WHAT THE TASK ASKS — Each line below must be transcribed exactly, and no picture may appear in the transcription.

PROVIDED DATA —
Start of Block

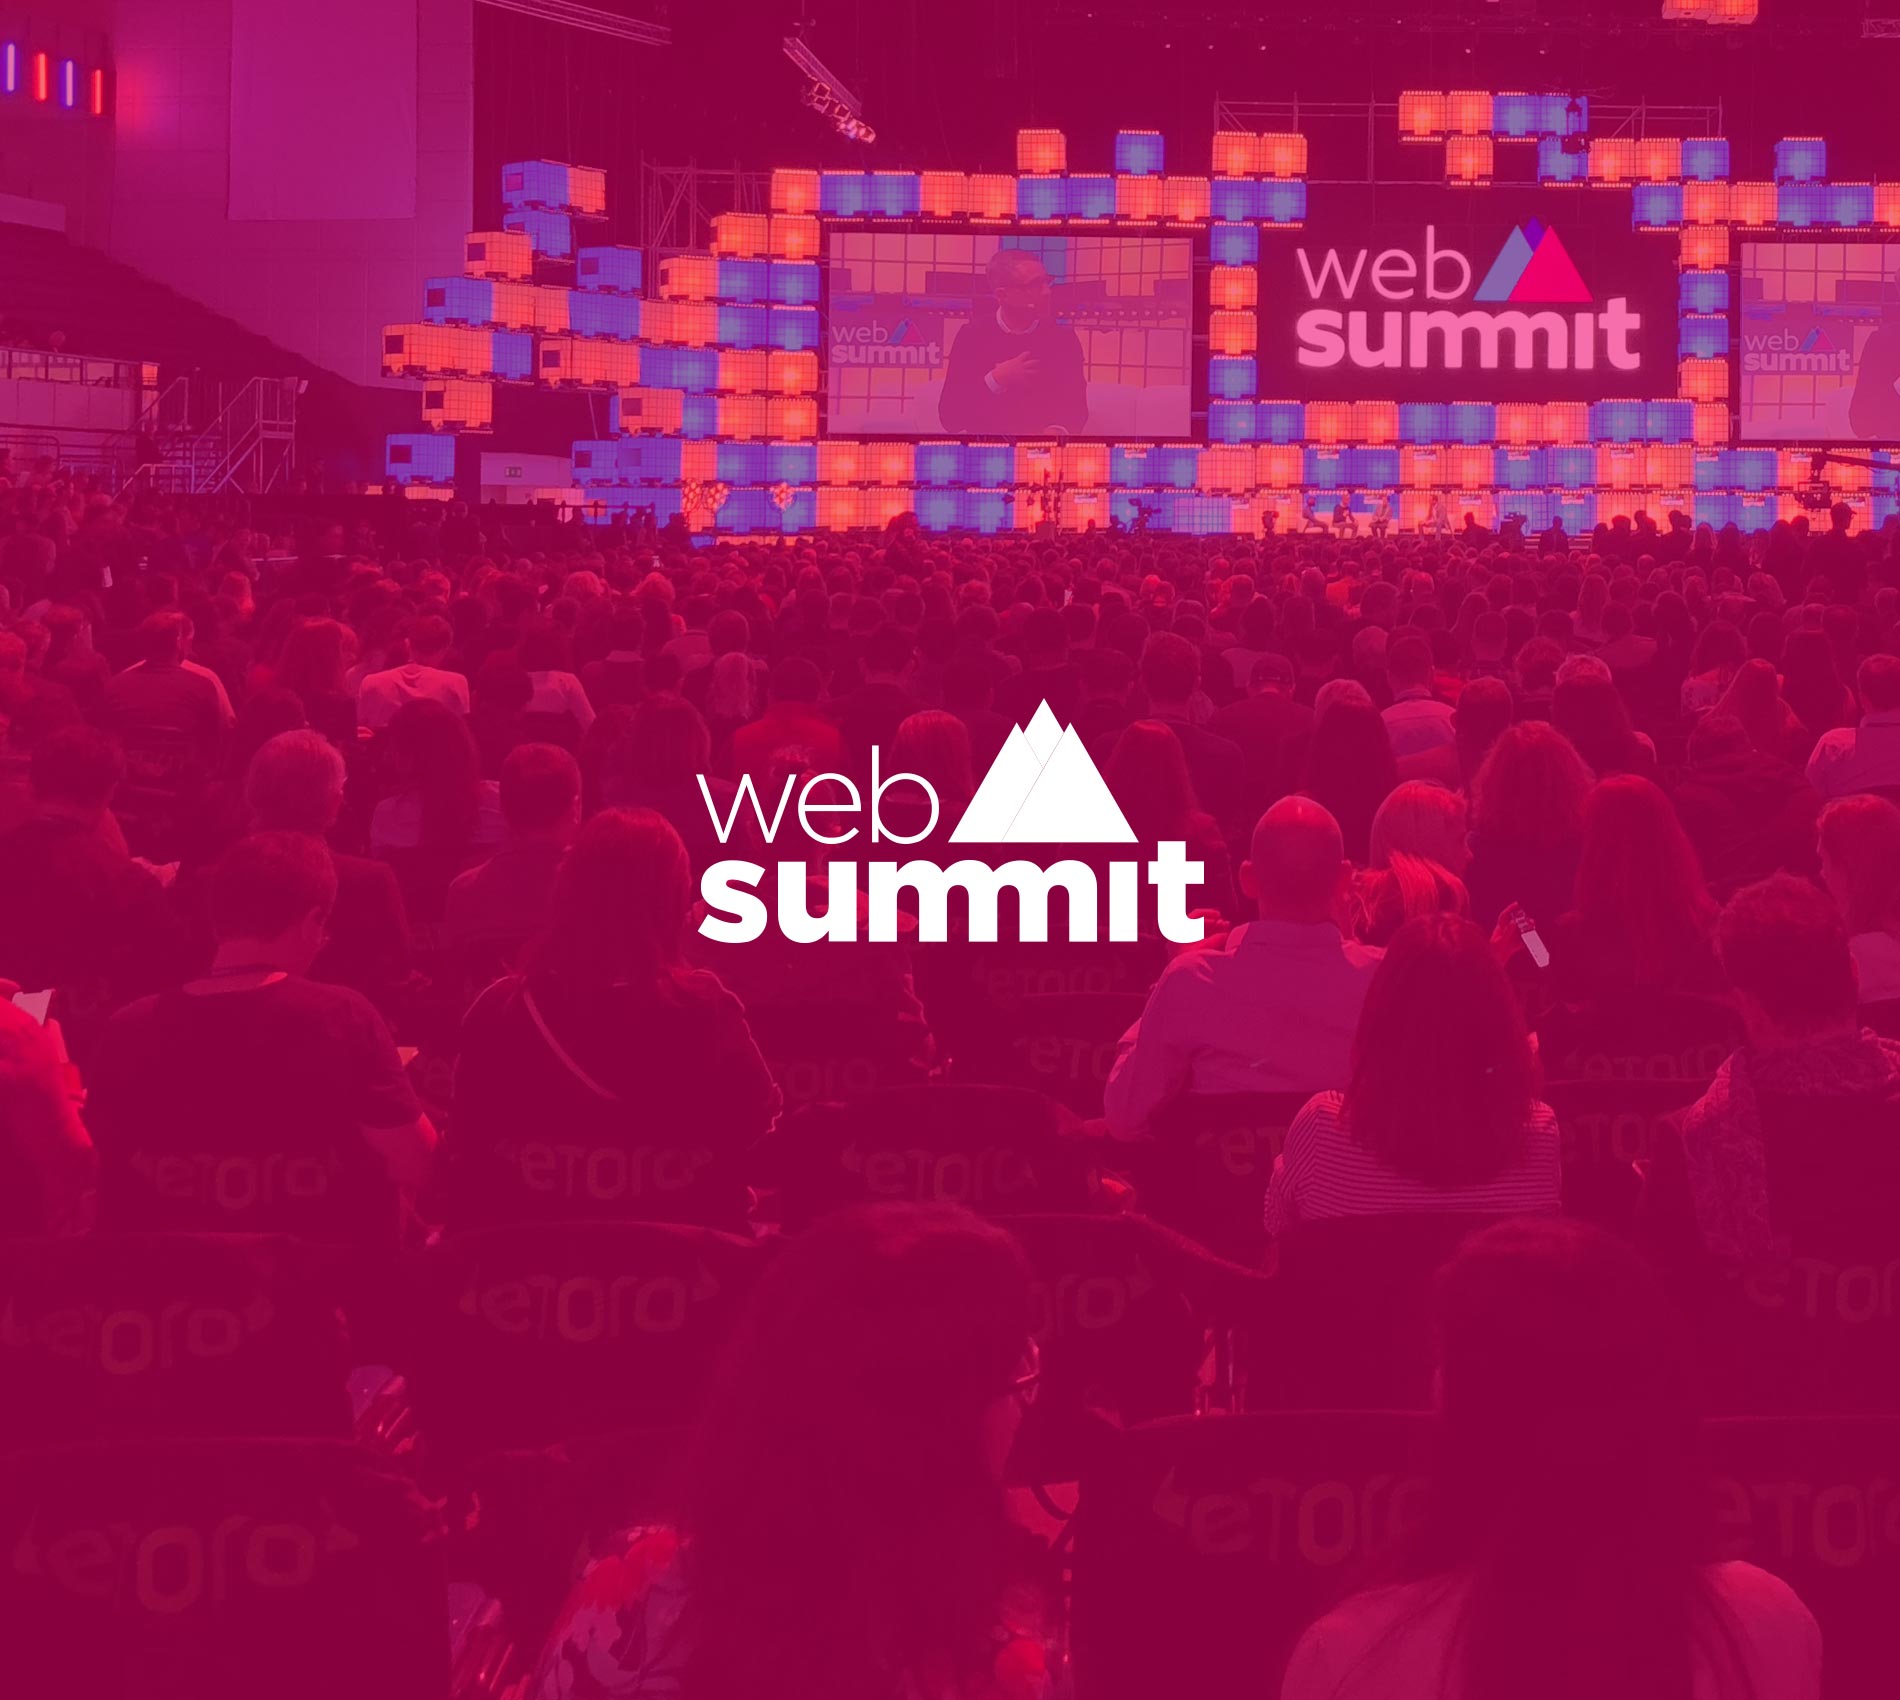 Web Summit 2018, Lisbon
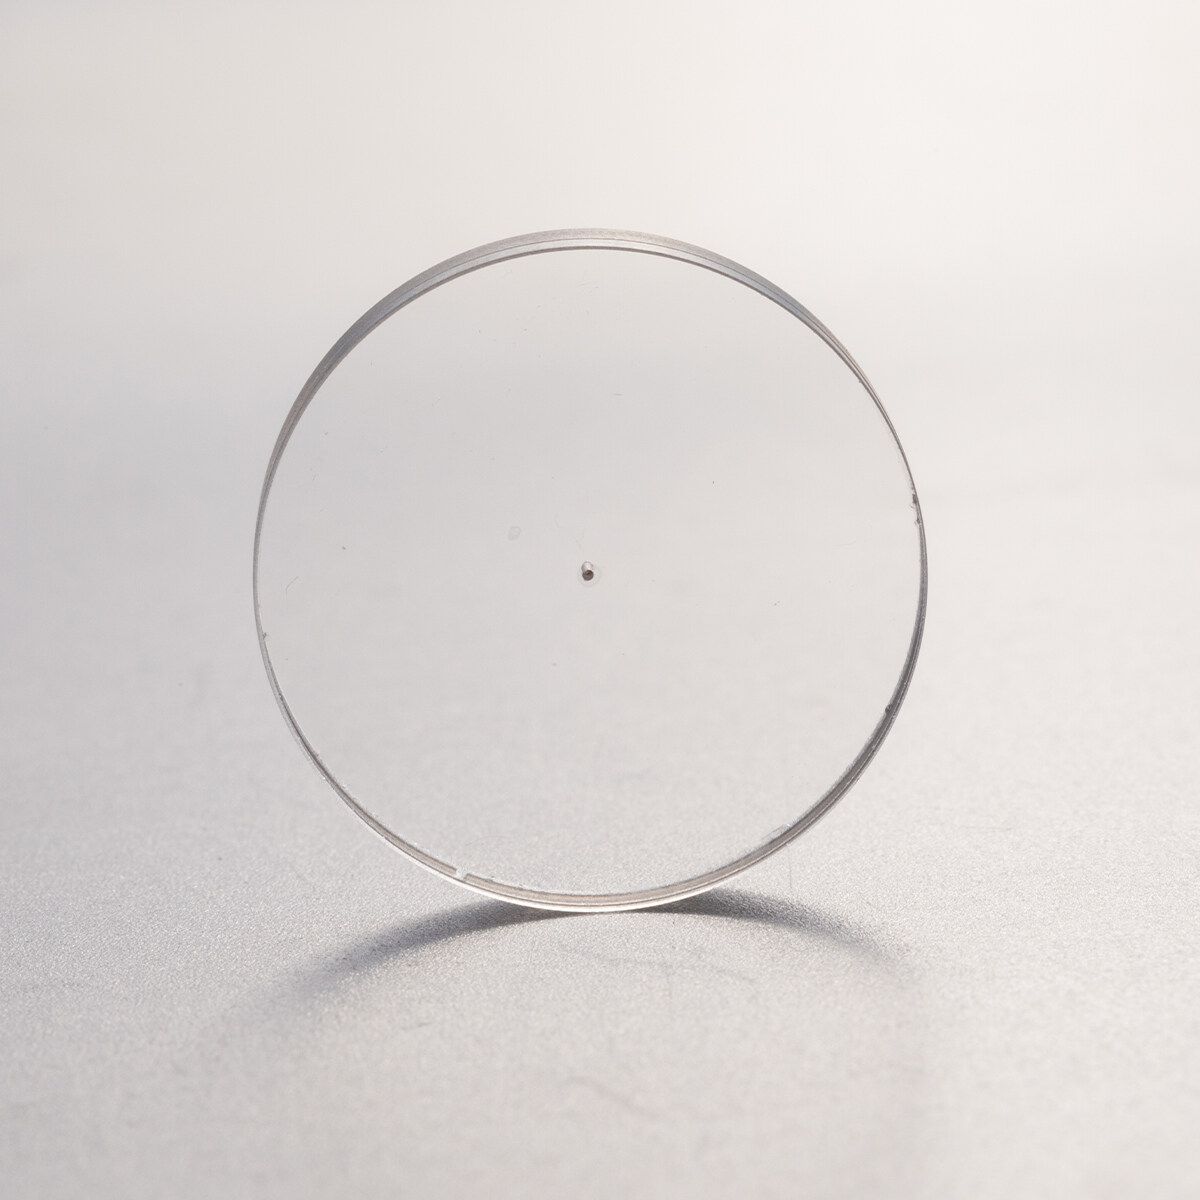 prescription lens manufacturers, precision lens company manufactures sophisticated, high precision glass lens
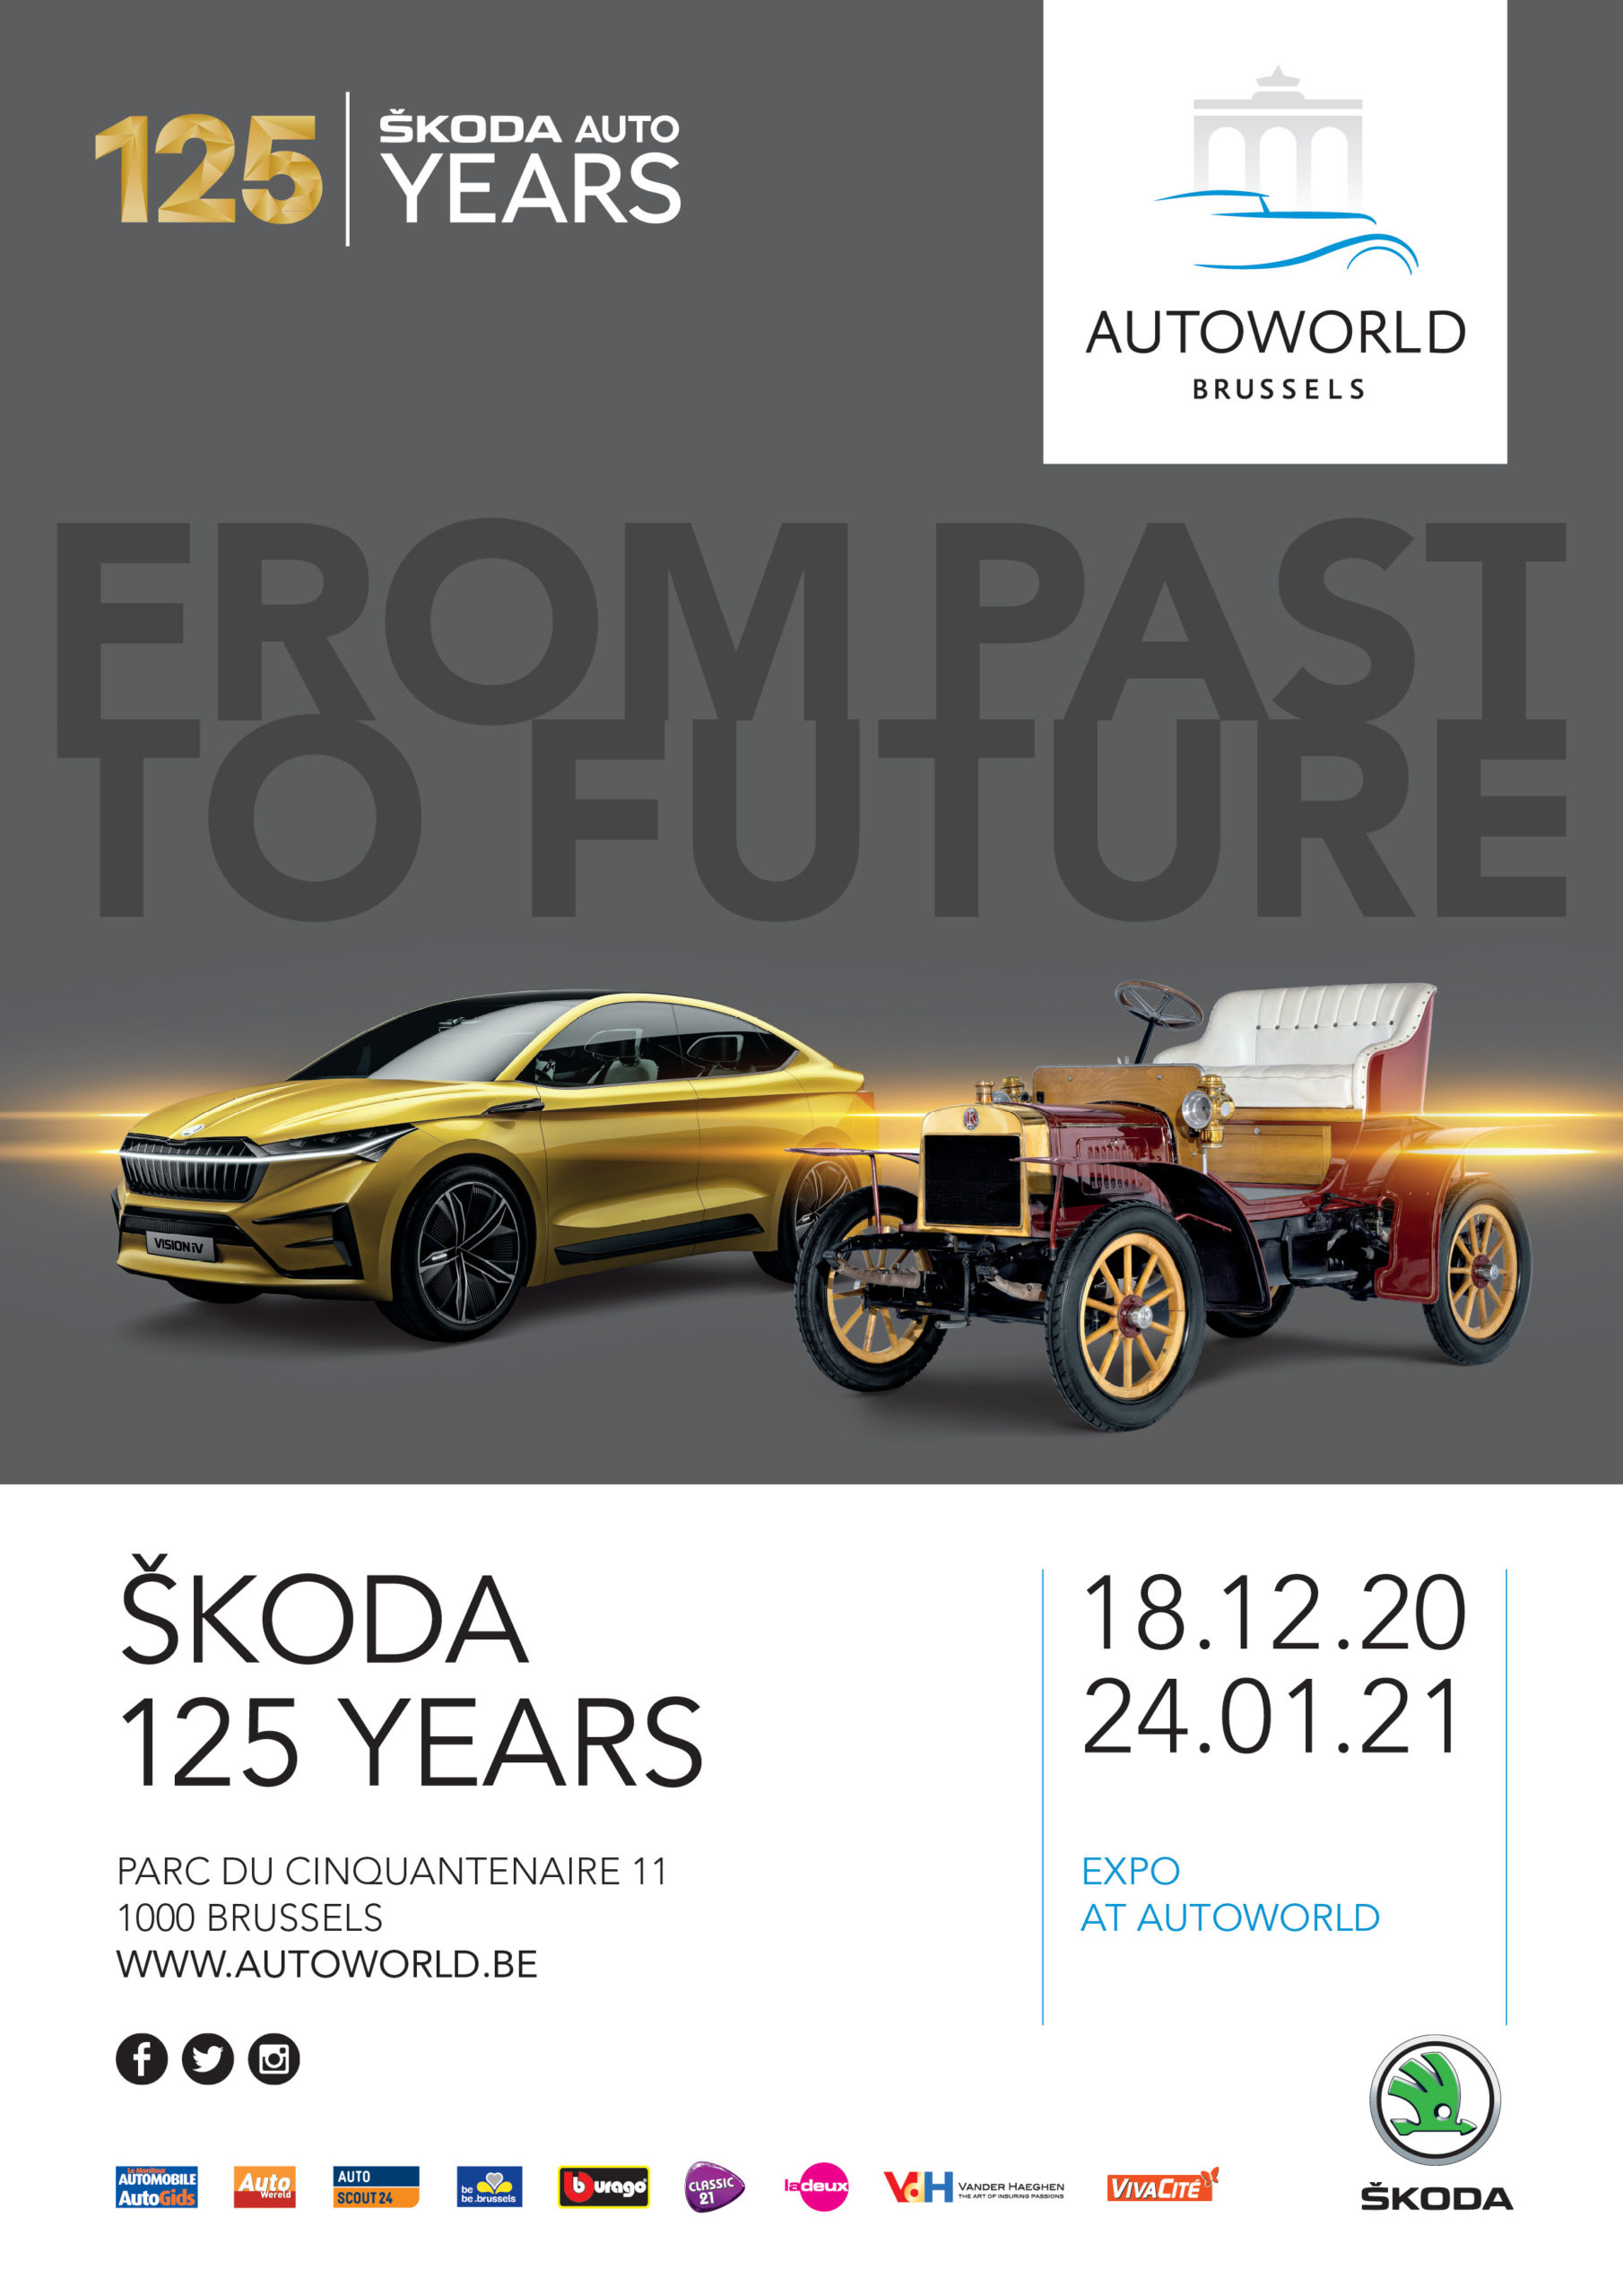 Autoworld – Expo ŠKODA 125 Years – From past to future

End of Block

THE COMPLETED TASK —
 Web Summit 2018, Lisbon
 prescription lens manufacturers, precision lens company manufactures sophisticated, high precision glass lens
 Autoworld – Expo ŠKODA 125 Years – From past to future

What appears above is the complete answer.